Here’s how the big four banks compare in an “Ireland scenario”:

“Fitch Ratings’ stress test shows that these portfolios are unlikely to experience losses that in isolation threaten the viability of the banks, even in a severe housing market downturn,” the report said.

To reach their conclusion, Fitch crunched the numbers for the loan-to-value (LVR) splits for each of the big four banks’ mortgage portfolios.

An LVR above 80% is deemed to be more risky, because the loan makes up more than 80% of the underlying asset. They also factored in a corresponding buffer from lenders’ mortgage insurance on loans that defaulted.

“CBA experiences the biggest loss as a result of the largest exposure to Australian mortgages, as well as the highest proportion of mortgages with a dynamic LVR above 80%,” Fitch said.

However, even in an extreme-negative scenario, the total dollar-value loss (highlighted in pink) for all banks remains under 2% of their total mortgage exposures.

“ANZ’s and CBA’s weighting toward higher dynamic LVR mortgages is likely to be a reflection of these banks having a lower proportion of investor mortgages than NAB and Westpac,” Fitch said.

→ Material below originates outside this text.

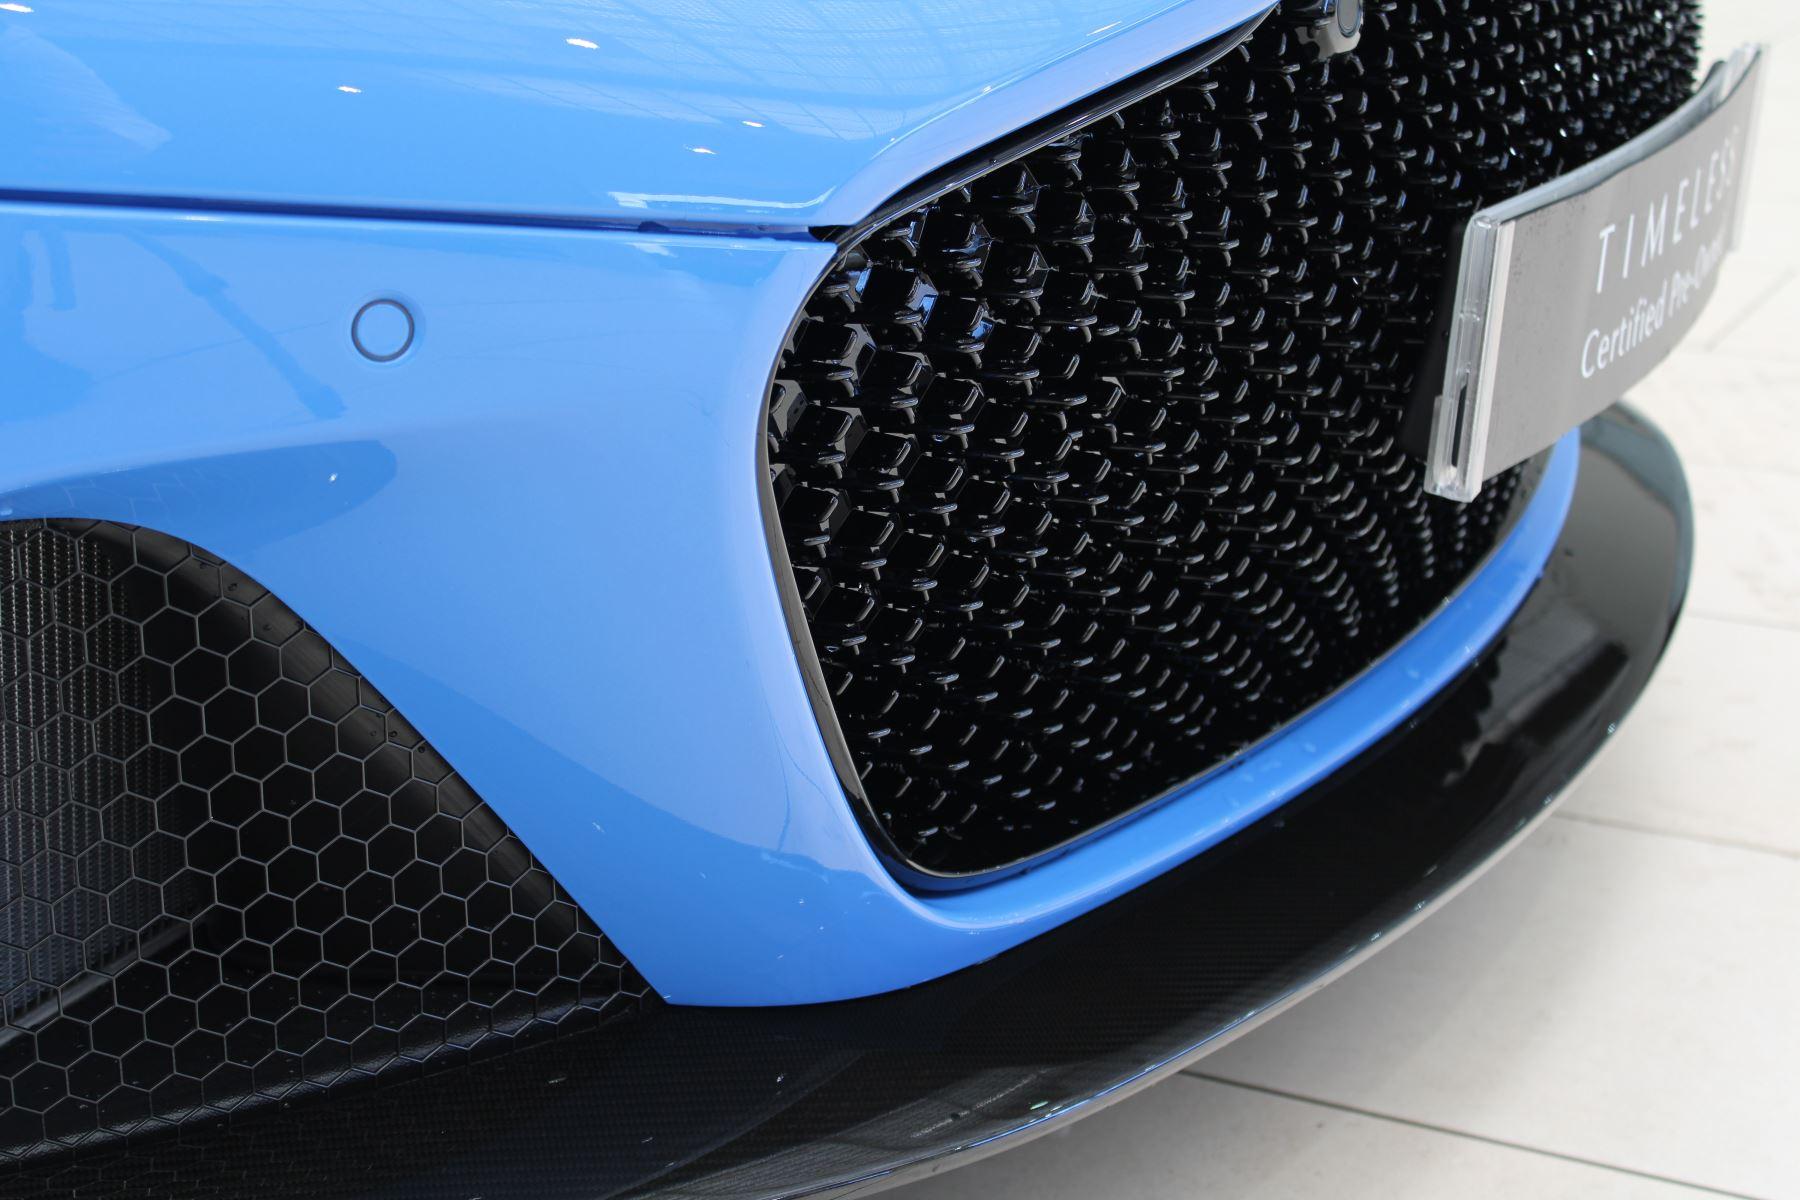 Aston Martin DBS V12 Superleggera Touchtronic Special Ceramic Blue - B&O image 14

But that risk is partially offset by the fact that ANZ and CBA also benefit the most from mortgage insurance recoveries.

The analysis also showed that in a worst-case scenario, none of the big four banks’ CET1 capital ratios would fall below 9%:

That’s below the 10.5% that bank regulator APRA said will be necessary for the banks to meet the definition of “unquestionably strong” capital buffers by January 2020.

But it’s still above the 8% threshold which Fitch deemed to represent the “capital conservation buffer”.

Fitch added that the report doesn’t take into account other negative economic shocks that would stem from a sustained downturn, such as reduced domestic consumption — the biggest component of GDP.

And such a possibility still presents a key risk to the outlook for bank profitability.

“The stress test does not incorporate broader second-order economic impacts, such as a reduction in consumption or losses from other loan portfolios, which we think could have a greater impact on bank asset quality, capitalisation, profitability and ratings,” the report said.

But ultimately, the ratings agency said a full-scale housing meltdown in Australia is unlikely, pointing to underlying strength in other areas of the economy.

“Fitch does not expect a sharp or substantial correction in Australia’s housing market, with the outlook for economic growth and unemployment remaining relatively benign.”